ECLI:NL:HR:2010:BL0078
Hoge Raad
- Cassatie
- C.B. Bavinck
- A.R. Leemreis
- J.A.C.A. Overgaauw
- Rechtspraak.nl
Cassatie over verschoonbaarheid termijnoverschrijding bij indienen hoger beroep in vennootschapsbelastingzaak
In deze zaak gaat het om een cassatieberoep van X B.V. tegen een uitspraak van het Gerechtshof te 's-Hertogenbosch. De zaak betreft een aanslag in de vennootschapsbelasting voor het jaar 2001, waarbij de Inspecteur het bezwaar tegen de aanslag niet-ontvankelijk verklaarde. De Rechtbank te Breda heeft het beroep van belanghebbende gegrond verklaard, de uitspraak op bezwaar vernietigd en de aanslag gehandhaafd. Hierop heeft belanghebbende hoger beroep ingesteld bij het Hof, dat het hoger beroep echter niet-ontvankelijk verklaarde wegens overschrijding van de beroepstermijn. Belanghebbende heeft verzet aangetekend tegen deze uitspraak, maar het Hof heeft het verzet ongegrond verklaard.

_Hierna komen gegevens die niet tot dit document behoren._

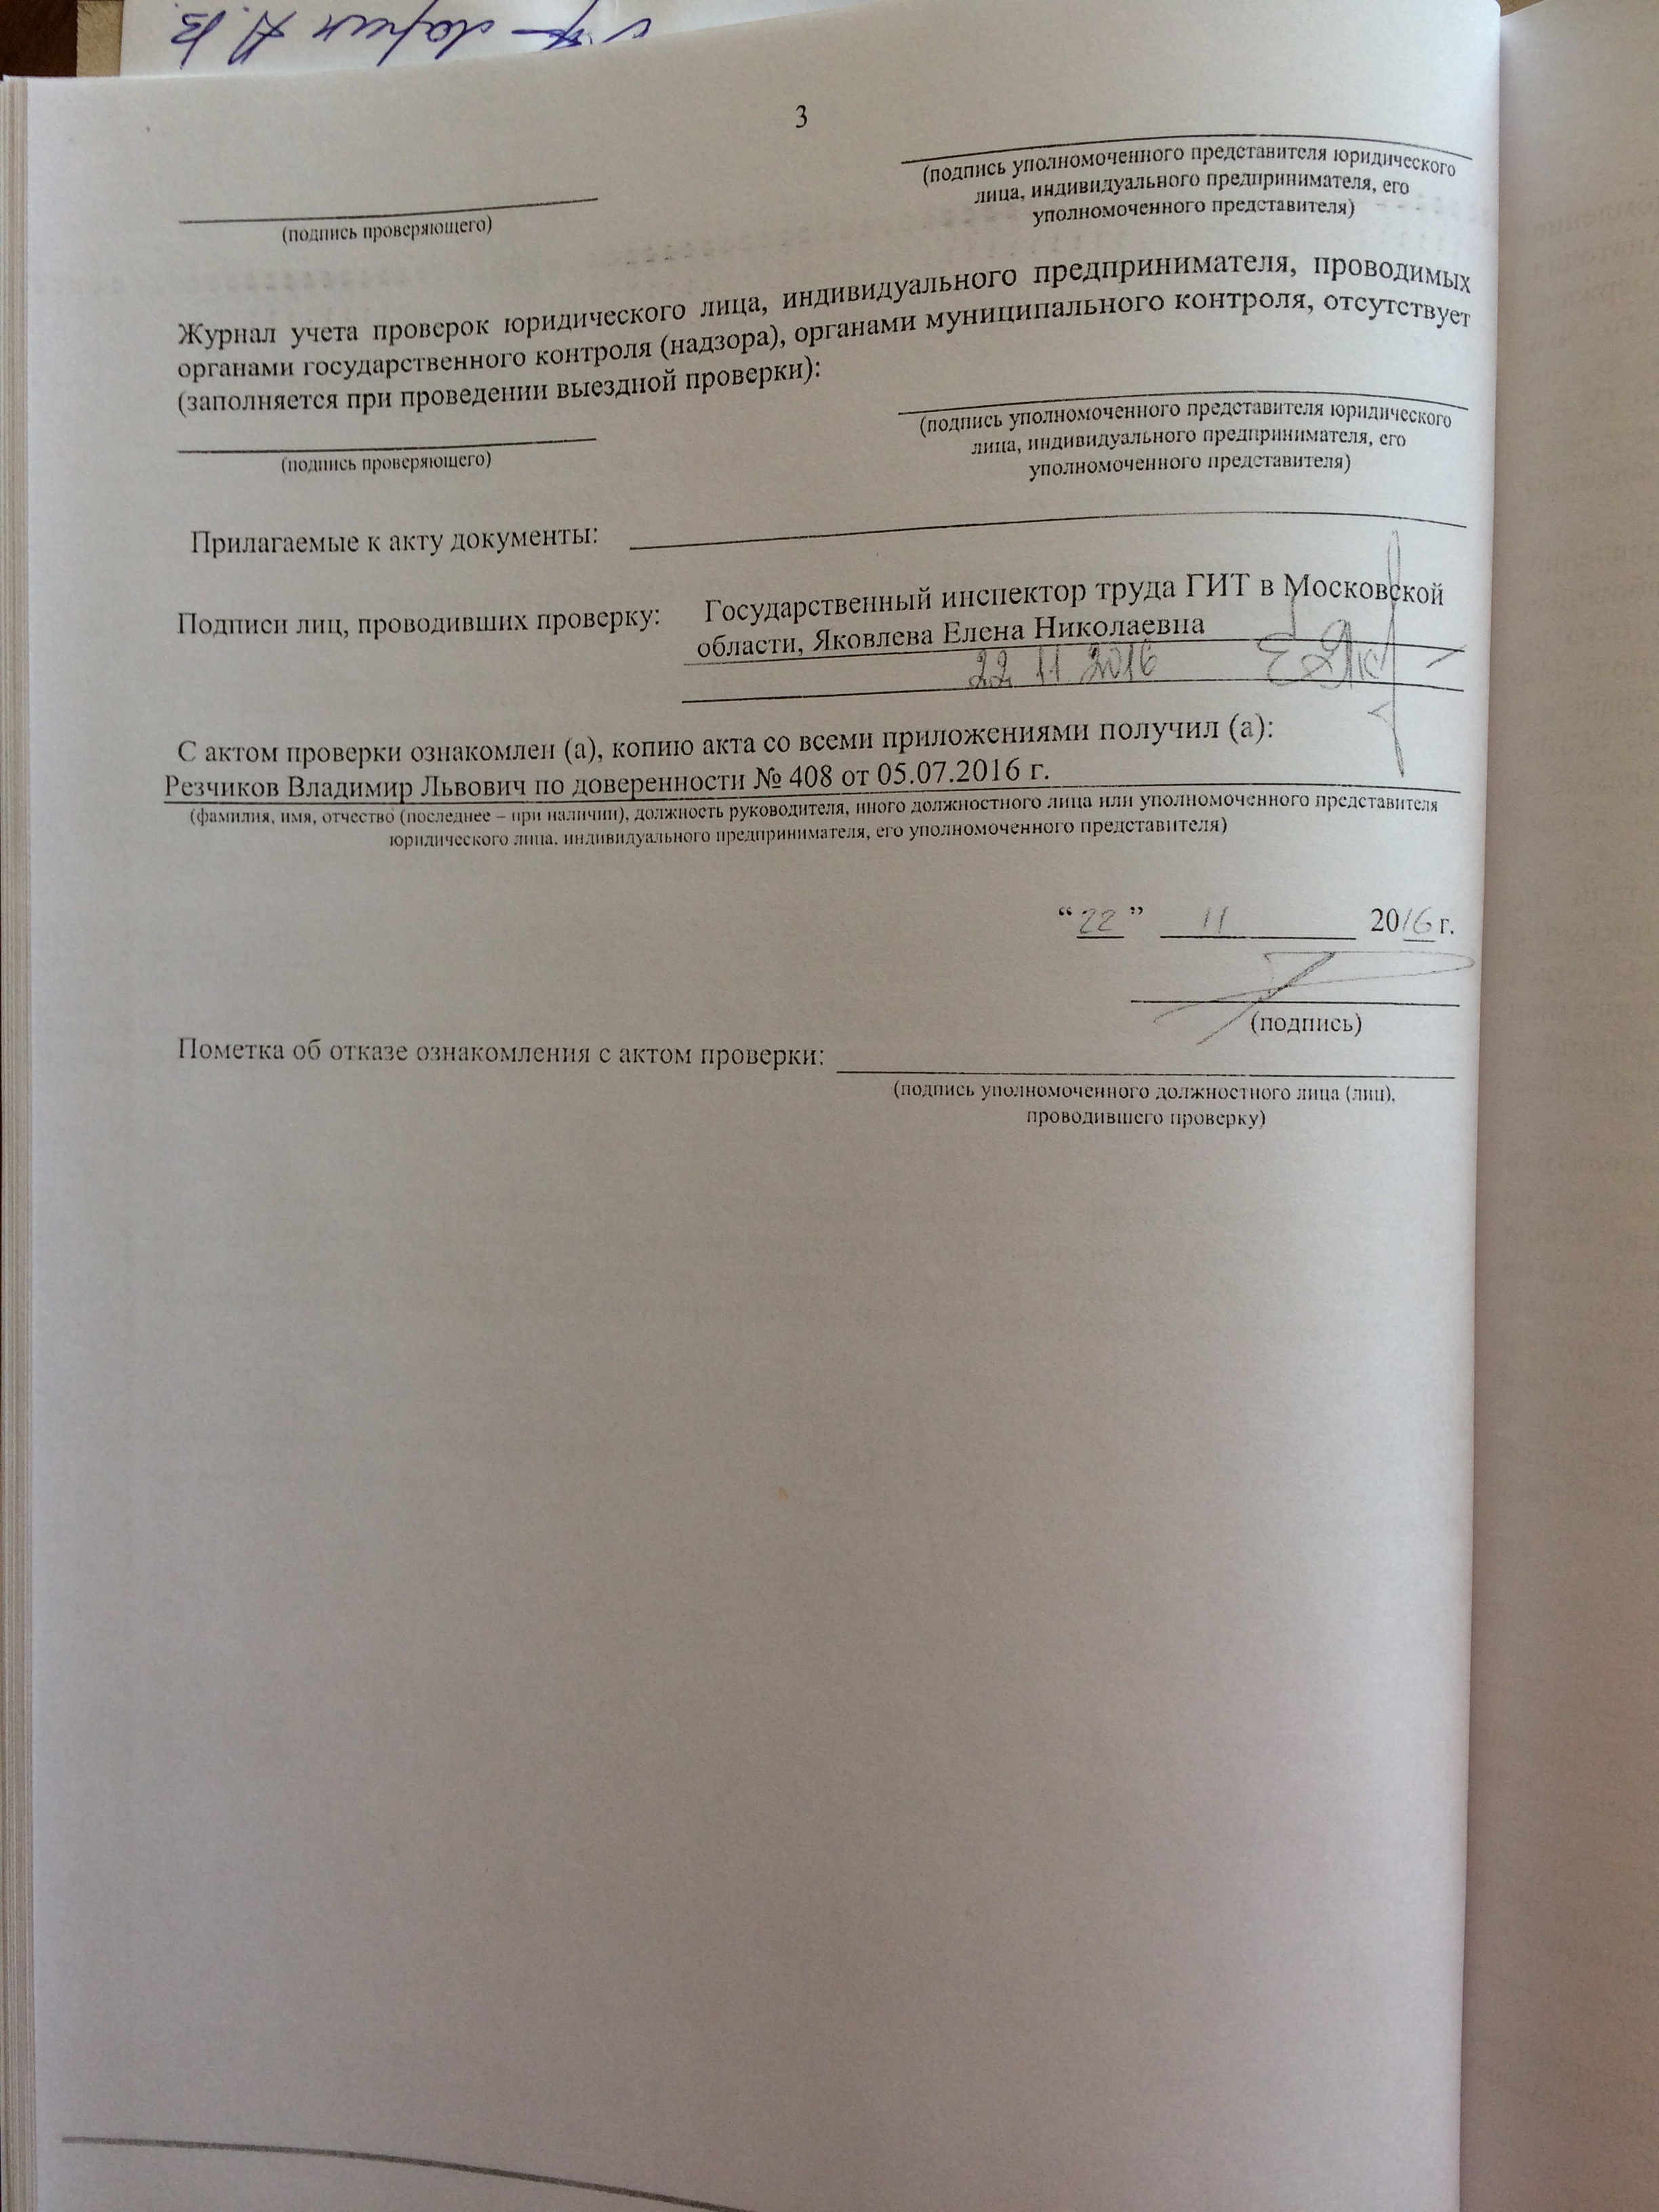 Фото документов проверки Луховицкой городской прокуратурой - 118 (5)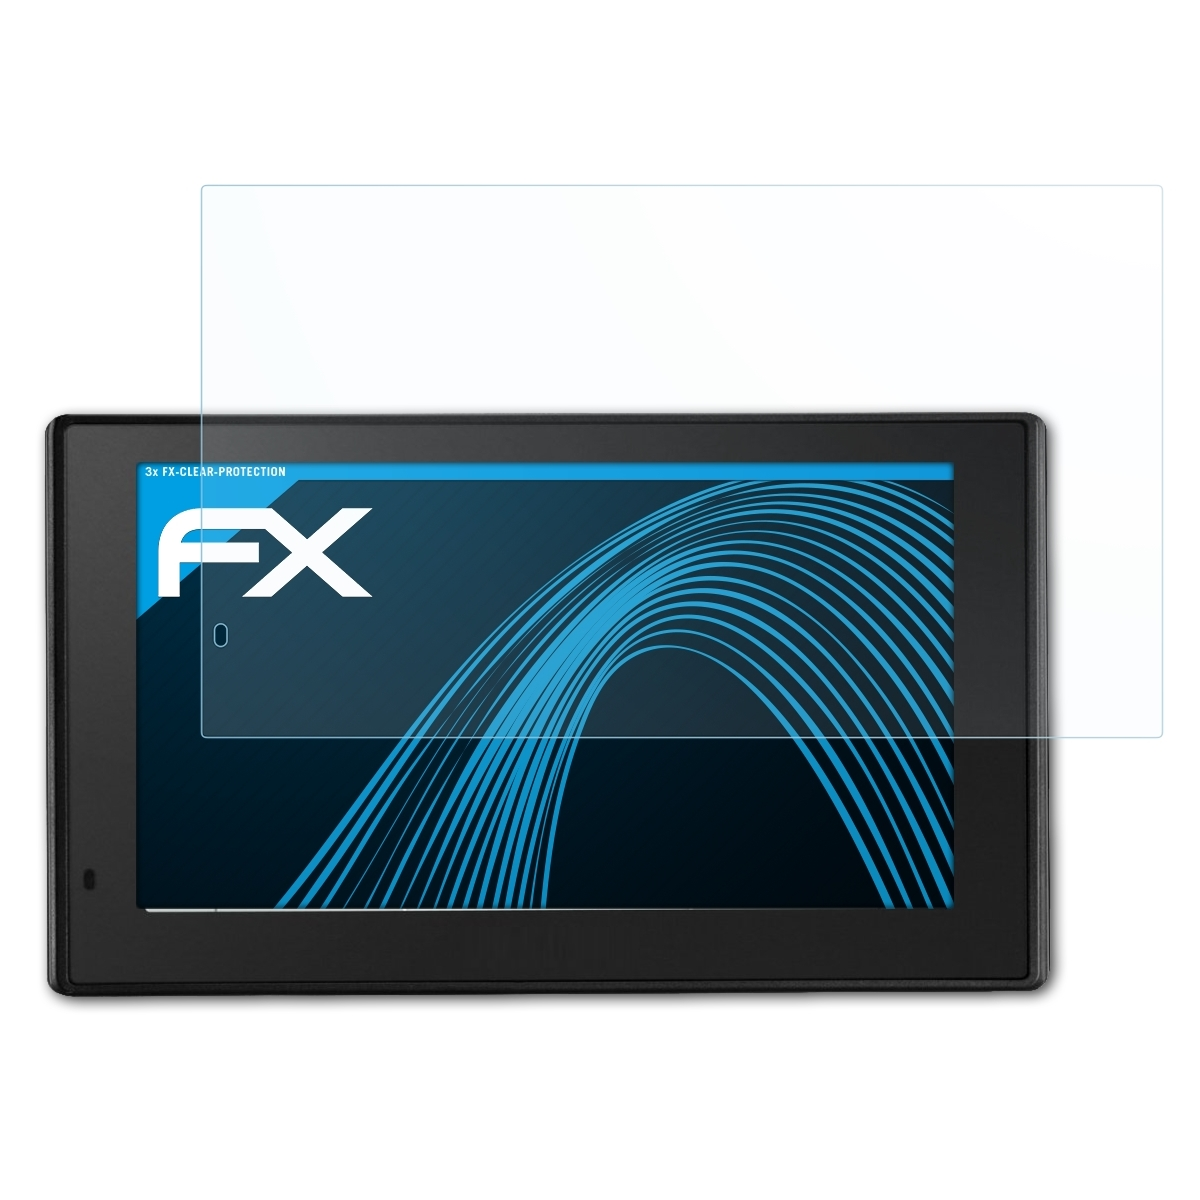 ATFOLIX 3x FX-Clear DriveAssist Garmin 50LMT-D) Displayschutz(für

De Hoge Raad oordeelt dat het Hof een onjuiste maatstaf heeft aangelegd bij de beoordeling van de termijnoverschrijding. Volgens artikel 6:11 van de Algemene wet bestuursrecht kan een niet-ontvankelijkverklaring achterwege blijven indien de indiener niet in verzuim is geweest. De Hoge Raad stelt vast dat belanghebbende, zelfs als zij de uitspraak pas op 8 april 2008 heeft ontvangen, nog tijdig een beroepschrift had kunnen indienen. De Hoge Raad verklaart het beroep in cassatie gegrond, vernietigt de uitspraak van het Hof en verwijst de zaak terug naar het Gerechtshof te Arnhem voor verdere behandeling van het verzet.
De Hoge Raad gelast tevens dat de Staat het griffierecht van € 433 aan belanghebbende vergoedt. Dit arrest is gewezen op 22 januari 2010 door de raadsheren C.B. Bavinck, A.R. Leemreis en J.A.C.A. Overgaauw, in tegenwoordigheid van waarnemend griffier E. Cichowski.